GDP, Manufacturing, Confidence, and Earnings -- All Up

To round out the first month of 2010, reports this past week all painted positive business signs for the year to come.

As we've been predicting for quite some time, GDP for Q4 was anything but lackluster. The gross domestic product rose at a 5.7% annual pace, the Commerce Department reported Friday, up from a 2.2% rise in the third quarter. The growth rate was the fastest pace reported in six years.

Another regional manufacturing report out from Chicago-land showed additional expansion in January. Their index rose to a healthy 61.5% in January from 58.7% in December. Any readings above 50% indicate business expansion and it is clear now in that region that expansion continues to accelerate.

And in further good news for the retail sector, the University of Michigan consumer sentiment survey beat expectations moving higher to a reading of 74.4 for January.
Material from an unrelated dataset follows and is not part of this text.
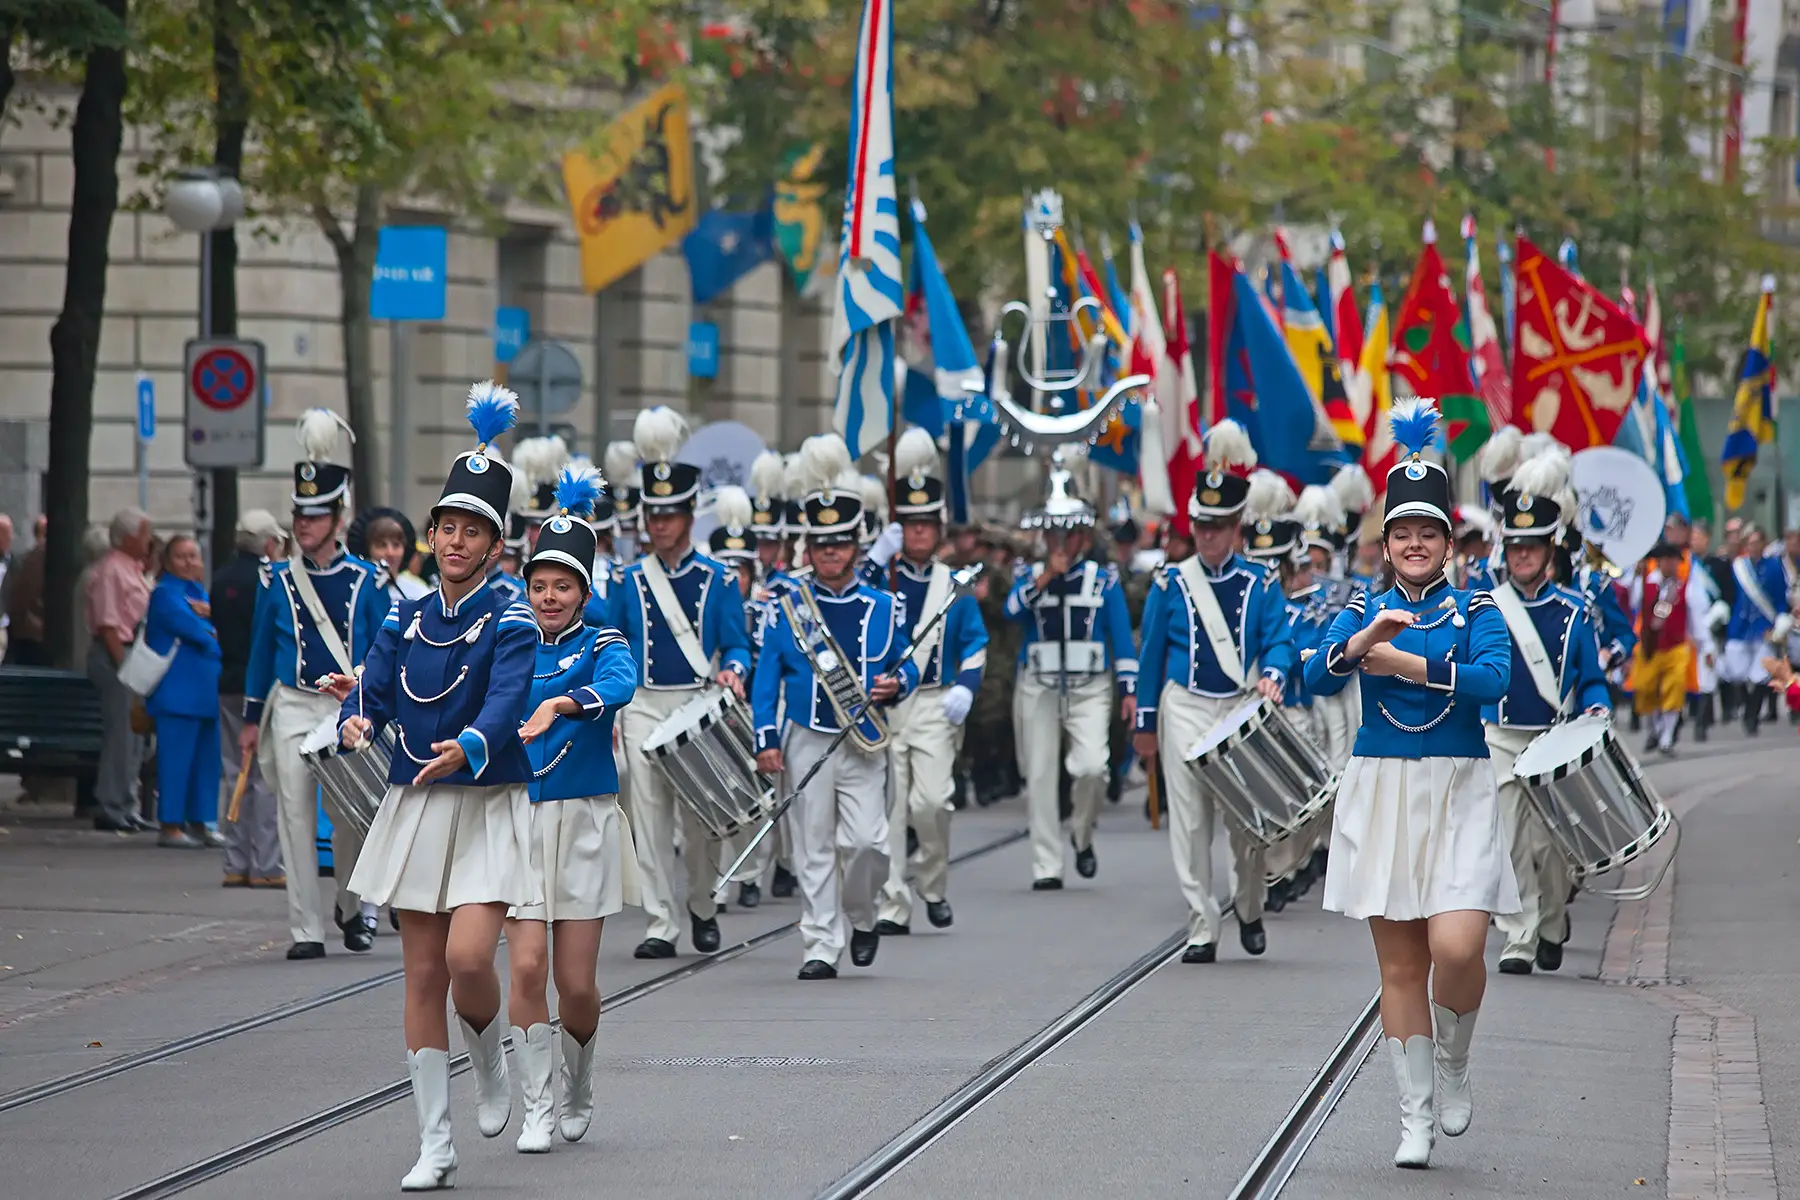 A Swiss National Day parade in Zurich

The reading is now at a two-year high and a full point and one half better than economists' consensus expectations.

Also on Friday, President Obama proposed a $33 billion package of tax credits for small businesses as part of his plan to boost job creation.

Obama wants to give small businesses a $5,000 tax credit for each net new employee they hire this year and companies that reduce their payrolls at any point this year would not be eligible for the any of the hiring credits and or wage bonuses.

Further, earnings reports for Q4 and positive business expectations for Q1 continued to roll in this week during company earnings releases and conference calls.

On Friday, Honeywell (HON) said it earned $698 million, or 91 cents per share, beating expections by a penny per share. The firm reaffirmed a full year 2010 profit forecast of between $2.20 and $2.40 per share on revenues of $31.3 billion to $32.2 billion. Their CEO, Dave Cote said, "we are encouraged by the improving order trends and stabilization in many of our end markets."

Microsoft also beat by a penny this week. Late Thursday, Microsoft said it earned $6.66 billion, or 74 cents per share, up from $4.17 billion, or 47 cents a share, in the same period a year earlier. Their revenues rose 14% to $19.02 billion.

But perhaps the strongest of company news came from Apple Computer (APPL) on Wednesday. The firm reported earnings that surged well past Wall Street estimates.

The iMaker said it earned $290 million, or 34 cents per share (a dime above estimates), on sales of $3.24 billion (250M above estimates) in the three months ended March 26. In the same quarter a year ago, Apple earned only $46 million, or 6 cents per share, on revenue of $1.91 billion.

As everyone now knows Apple released the iPad later in the week, but speaking specifically to earnings on Wednesday, CEO Steve Jobs noted, "Apple is firing on all cylinders."  The comments were indeed in line with our observations of PC shipments that rocketed higher in Q4.


  1. GNE,

    I would have expected the market to cheer all this good news, but it seems to find a cloud in every silver lining; e.g- the GDP number is unsustainable because it's based on inventory reductions; or the guidance isn't so hot on the 1st quarter or the whisper number was higher than the actual profits; or the proposed bank reforms will hurt liquidity in the market, etc. Do you think it will take another decent quarter of expansion before the market takes off again to overcome these concerns?

  2. Yes Bill,

    Typically for the "late majority" it takes up to three positive quarters for them to believe that a trend has occurred. Once you are into a trend for three quarters, you will usually have convinced 70-80% of the market that your trend is real. However in the case of "laggers", you may never convince them -- ever -- that a trend is occurring... they will always have doubts and rarely make moves based on any positive trends... their actions are almost exclusively made on negative feelings and emotion. Like the good news economist which always reports the good news, they will alway report the negative, no matter what the data.